Publié le 15/05/2024

Régulièrement, lorsqu’une décision de justice déplait dans une affaire médiatique, les juges sont accusés d’être « hors sol », « loin des réalités », « enfermés dans leur tour d’ivoire ». En réalité, ils sont confrontés quotidiennement à la réalité dans ce qu’elle a de plus cru, de plus douloureux, de plus grave, nous rappelle Ludovic Friat, président de l’Union syndicale des magistrats (USM).

Magistrats judiciaires, enfermés dans leur « tour d’ivoire » ou assignés plus souvent qu’à leur « tour d’y voir » ?
Photo : ©P. Cluzeau

J’observe de plus en plus souvent, à l’occasion d’échanges sur ma profession de magistrat judiciaire, celle que j’ai choisie il y a 34 ans, être invariablement interrogé soit sur le « gouvernement des juges », soit sur la cécité des magistrats, nécessairement pétris « d’entre-soi » et enfermés dans leur « tour d’ivoire ».

Même sur les espaces et réseaux sociaux faisant la part belle à l’expérience professionnelle et à l’expertise des intervenants, certains me reprochent, plus ou moins insidieusement, d’être dans ma « tour d’ivoire ».

Comme la plupart de mes collègues je ressens cette critique comme une injustice tellement elle est éloignée de notre réalité professionnelle.

Il s’agit d’un lieu commun à déconstruire absolument car fondé parfois sur l’ignorance, parfois sur un parti pris idéologique, philosophique ou politique, et parfois simplement l’expression d’une sorte de psittacisme de la pensée, bien dans l’air du temps faisant la part belle « au bon sens commun ».

Ce « bon sens », issu du « bon vieux temps » ou d’un « âge d’or » indéterminé, qu’il faudrait nécessairement opposer aux « élites », réelles ou supposées, coupées de la Nation et du peuple.

Or, répéter les choses n’en fait pas une réalité sociologique ou judiciaire.

La misère au quotidien

Car enfin dans notre société les personnels judiciaires, dont les juges et procureurs mais aussi les greffiers, sont au quotidien directement immergés dans la réalité la plus dure, la plus violente, la plus sordide, la plus glauque de notre société.

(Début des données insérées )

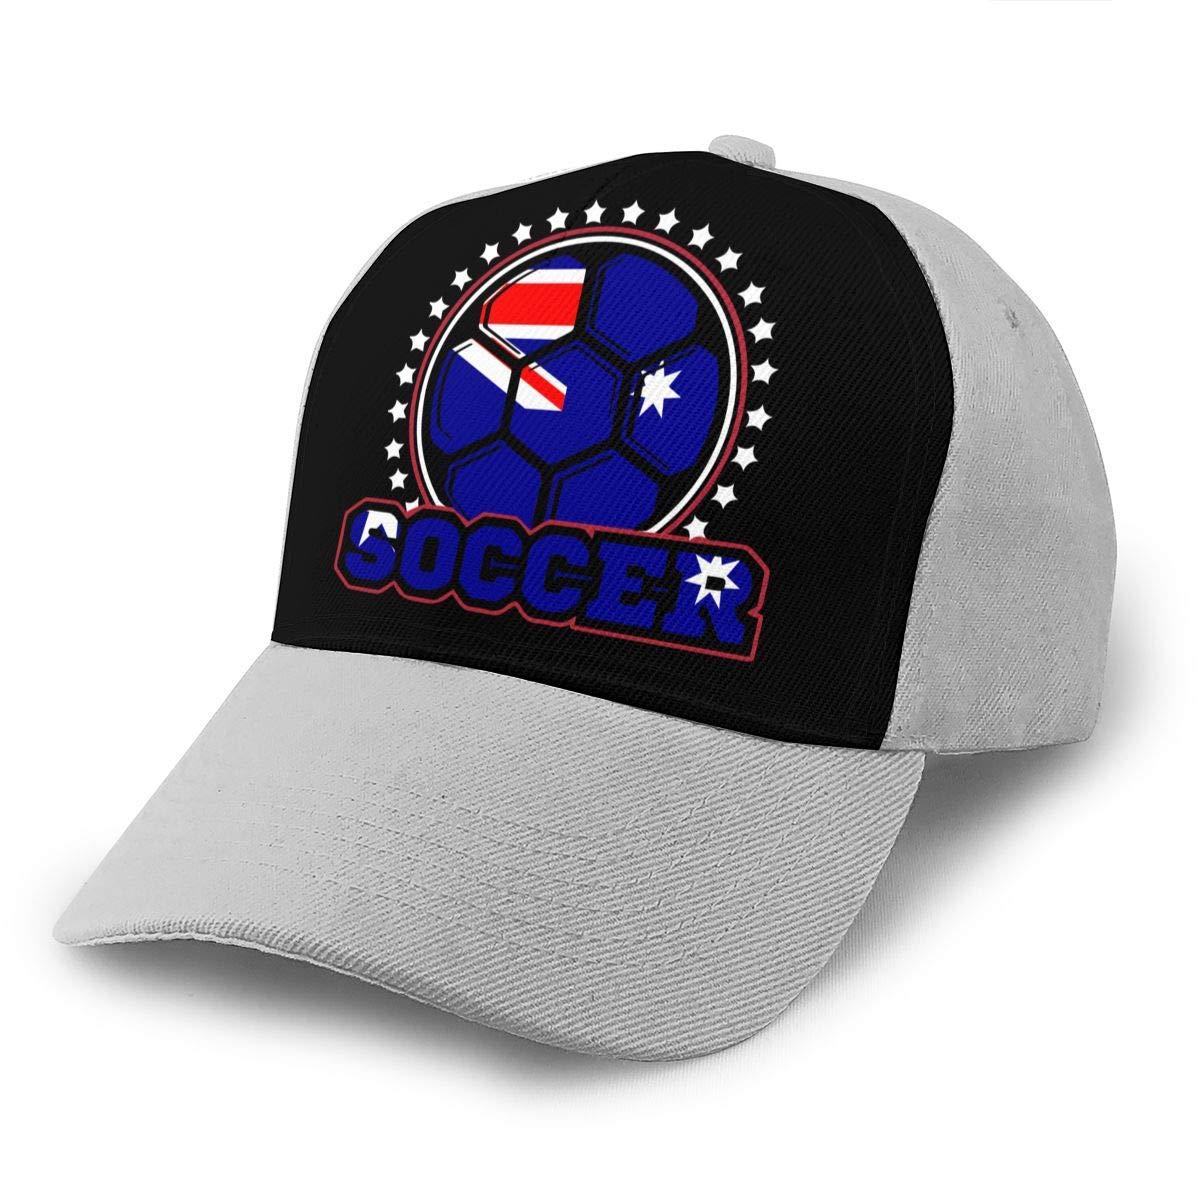 Y94OIW@MAO Australian Flag Soccer Player Trucker Hat for Men and Women Cotton Sports Cap
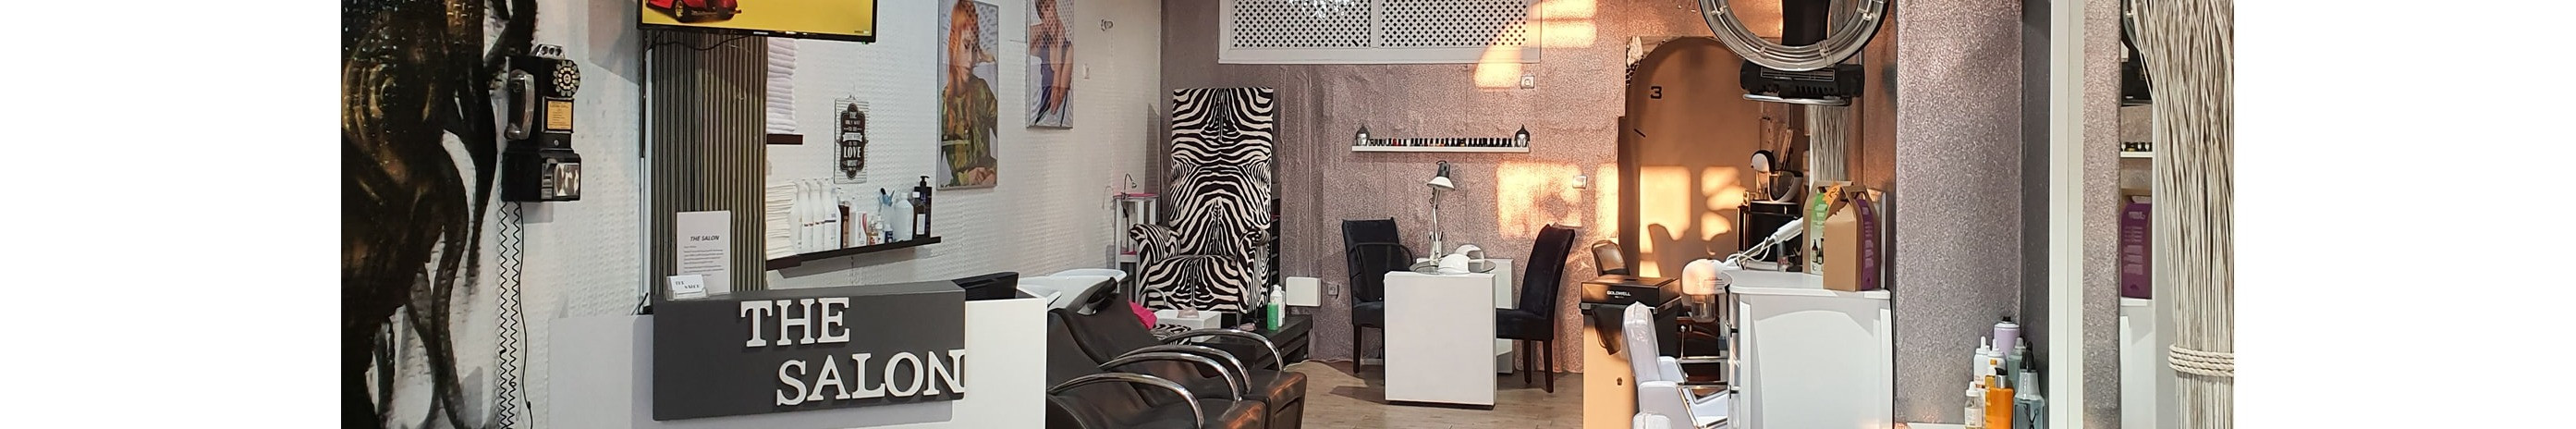 Hair/Beauty/Nails and Massage Salon in Benalmadena

Nous y sommes confrontés tout comme les policiers, les éducateurs, les conseillers d’insertion et de probation mais aussi les enseignants, les soignants.

La misère que côtoient le magistrat et son équipe au quotidien peut être sociale, physique, psychologique, économique, intellectuelle… Elle est la toile de fond de nombre de nos dossiers, tant au civil qu’au pénal.

Quelques exemples tirés de mon parcours professionnel, dans lesquels la plupart d’entre nous se reconnaîtra :

➡️ J’ai, dans ma vie de juge d’instruction, participé à des dizaines d’autopsies d’hommes et de femmes, d’enfants et de nourrissons, morts de toutes les façons imaginables. Bien que ce ne soit pas une obligation légale, j’étais présent à la fois par respect pour les défunts, par solidarité avec mes enquêteurs, mais aussi parce que c’était « ma place » de responsable de l’enquête à la recherche de la vérité. J’y songe parfois… des images, des odeurs, des discussions médico-légales, le bruit de la scie sauteuse.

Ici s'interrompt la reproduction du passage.